Pero, en aquel otoño, el primero que pasaba en Miraflores, me sentía más fuerte y feliz que nunca. Convencido de que había hecho lo que debía, lo mejor para mí y para mi obra, me sentía feliz en mi soledad, que veía como un regalo y no como un castigo, como hasta entonces. Todavía no conocía el verdadero poder de erosión de aquélla, ni el cansancio que el silencio produce a veces en las personas. Al contrario, creía que ambos eran para mí entonces, además de un privilegio, una fuente de energía para mi trabajo como pintor. Lo confirmaba la intensidad con la que pintaba ahora y la propia producción, que desde que vivía en la sierra había aumentado sustancialmente. Cuando antes necesitaba un mes o dos para cada cuadro, ahora me bastaba con la mitad de ese tiempo. No es extraño, por ello, que aquel año pintara más que los anteriores, cosa que me permitió, incluso, cuando los llevé a Madrid, cumplir con todos los compromisos que había adquirido, tanto con la galería como con particulares.

II

El invierno fue más duro, pero lo pasé también. Se me hizo largo al final, pero logré pasar, si bien el frío y la oscuridad me hicieron tomar conciencia de cuán largo es el invierno y qué duro es en los pueblos de la sierra.

No es que no lo supiera ya. Al contrario, lo sabía desde que, cuando era pequeño, acudía con mis padres al pueblo de mis abuelos por Navidad y veía con cuánto esfuerzo la gente sobrevivía a una climatología adversa. Porque una cosa es el verano, cuando la naturaleza es bella y los días parecen no terminarse nunca, y otra distinta el invierno, cuando a la melancolía y al silencio del otoño se unen el frío y la nieve y las noches se dilatan hasta hacerse interminables.
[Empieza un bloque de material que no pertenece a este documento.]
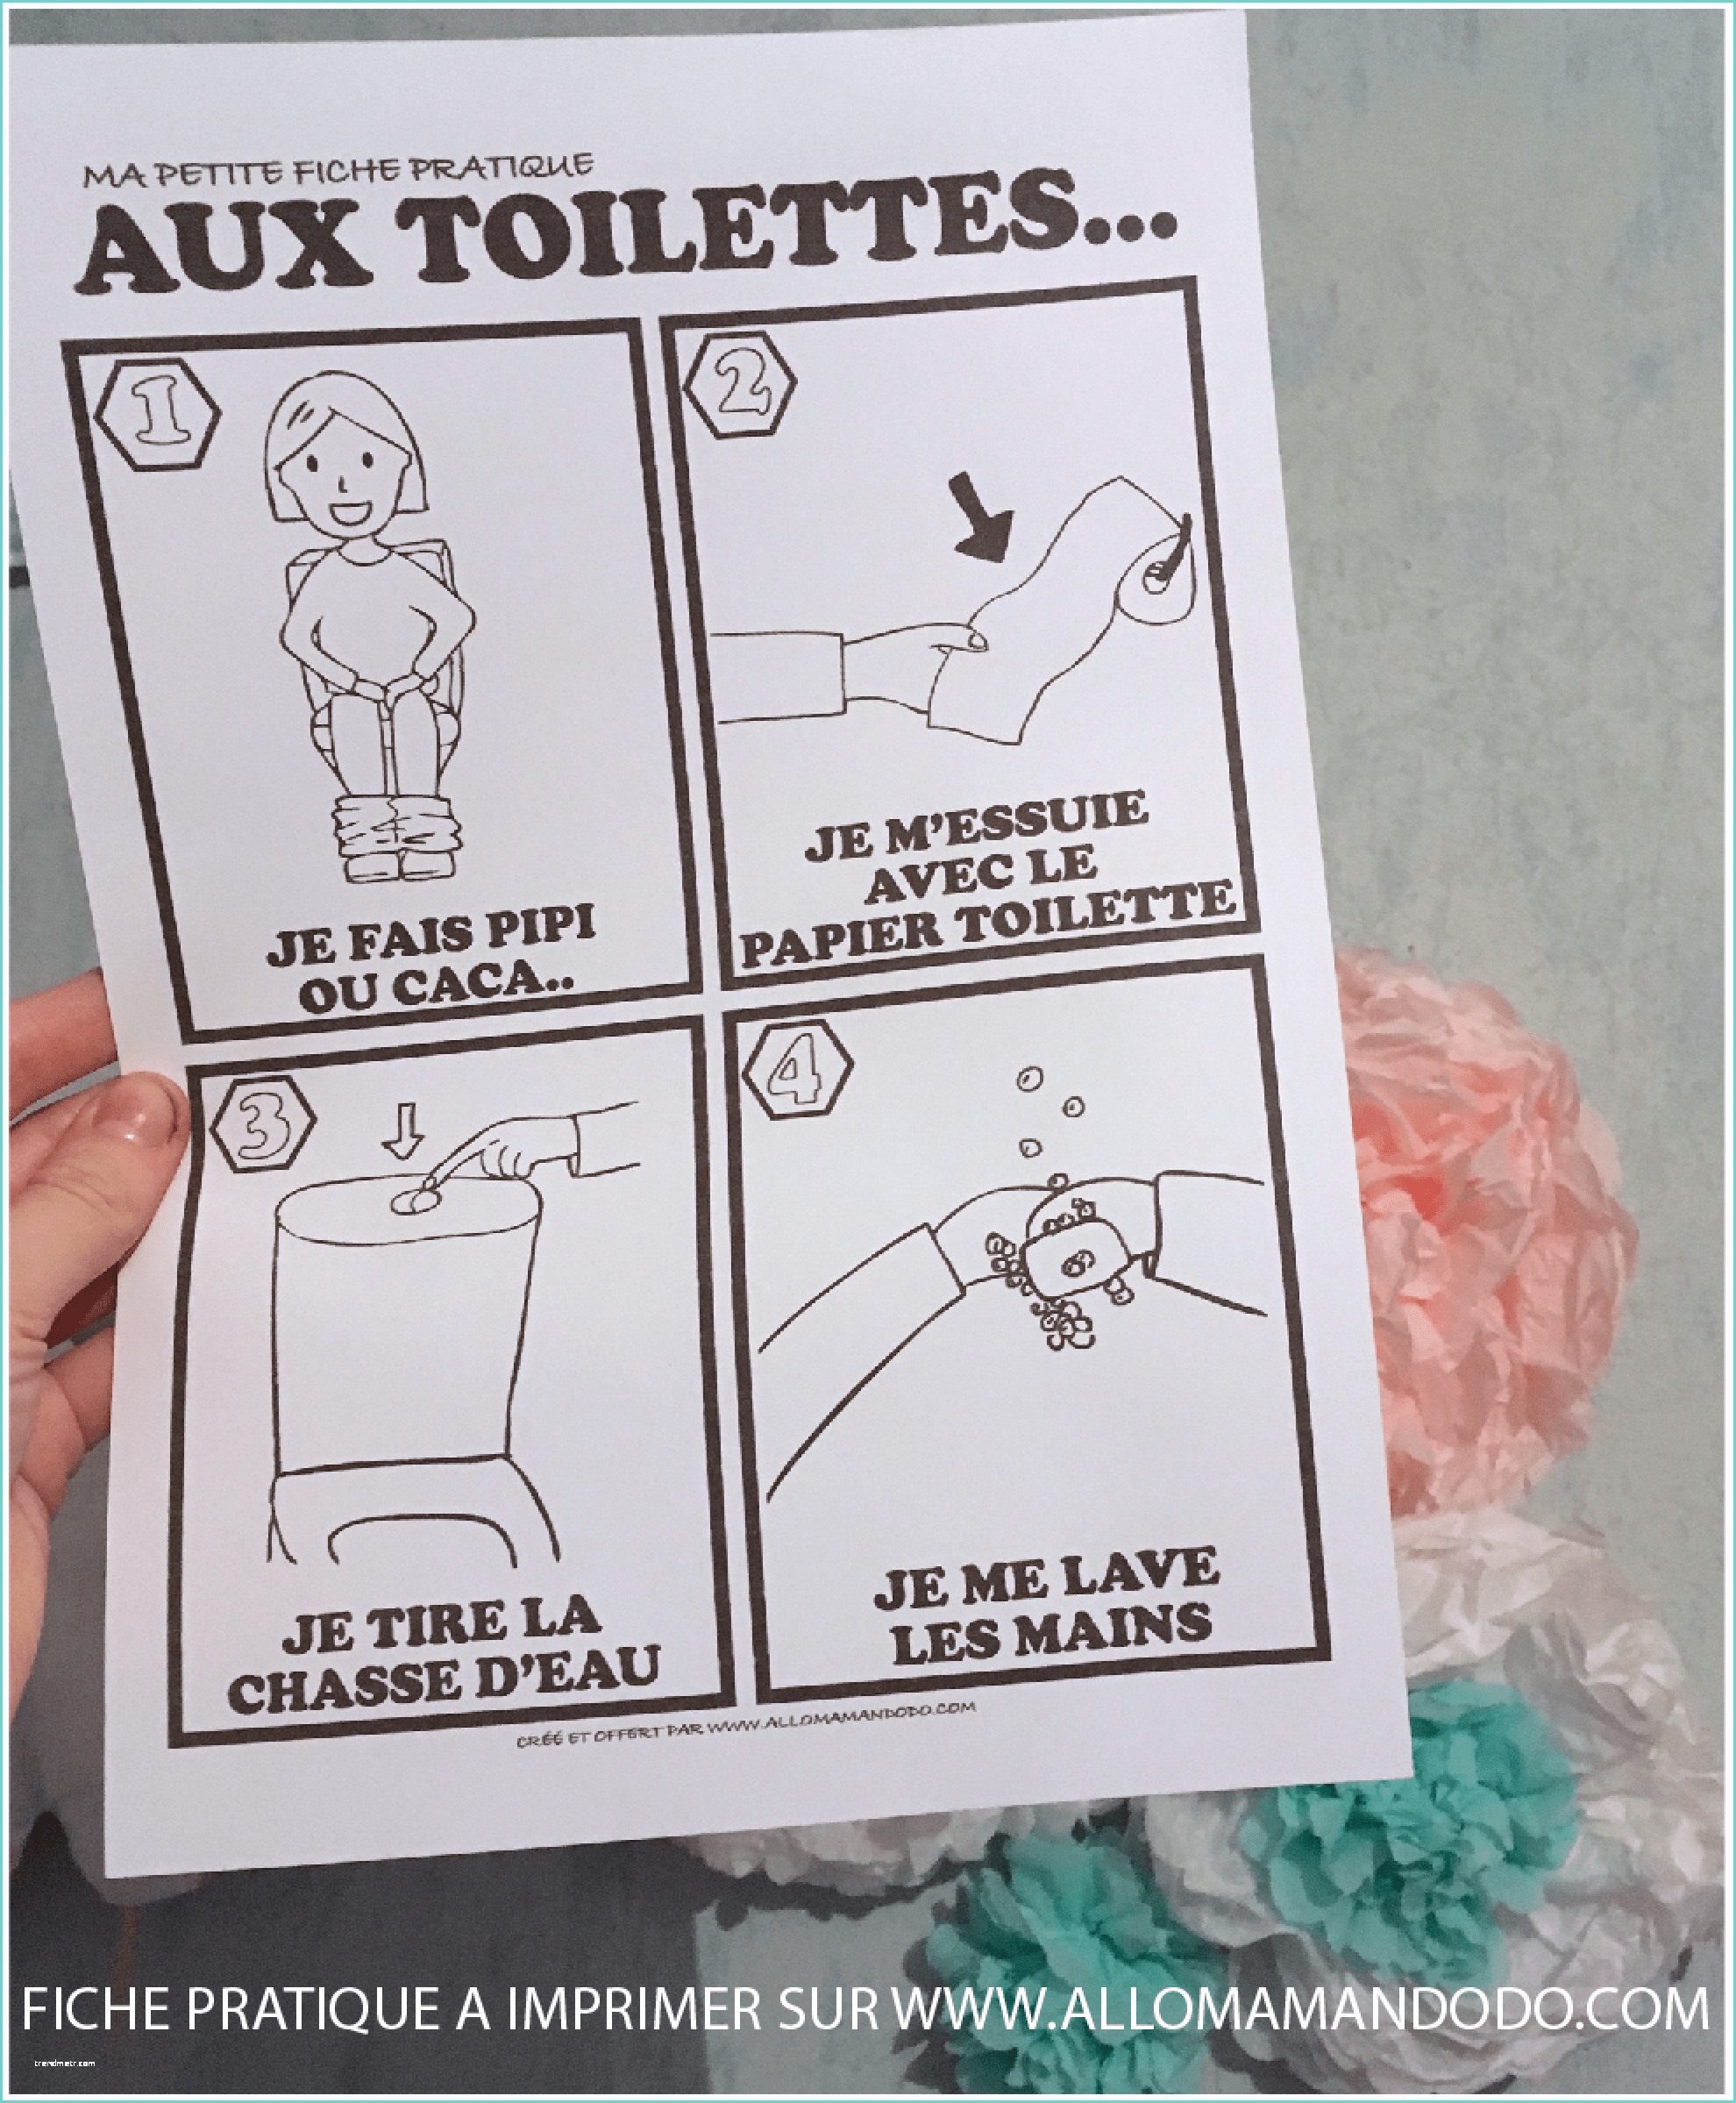 Lave Main Sur Chasse Deau Fiche Pratique "aux toilettes" à Imprimer

Largas noches invernales que comienzan casi a las seis y que se extienden como una negra sábana sobre los montes y los caminos, haciéndolos todavía más solitarios y misteriosos. Solamente las luces de los pueblos, como luciérnagas en la oscuridad, se veían desde la galería en dirección a Madrid y a la tierra llana.

Yo echaba leña a la chimenea, pero ésta no acababa de calentar del todo la casa. Era como si el frío ambiente estuviera agarrado a ella, como si la oscuridad de fuera penetrara por su boca como el lobo de los cuentos, trayendo todo el temblor de la sierra. A través de las ventanas, yo miraba los árboles desnudos y su sola visión me daba frío. Porque era un frío tangible, un frío blanco y compacto que emanaba de la tierra y de los troncos de los árboles y trepaba por la casa como la hiedra en la primavera. Por eso era tan difícil conseguir librarse de él. Por eso y porque, en mi caso, el frío estaba dentro de mí también, puesto que estaba solo, completamente solo en aquel chalet.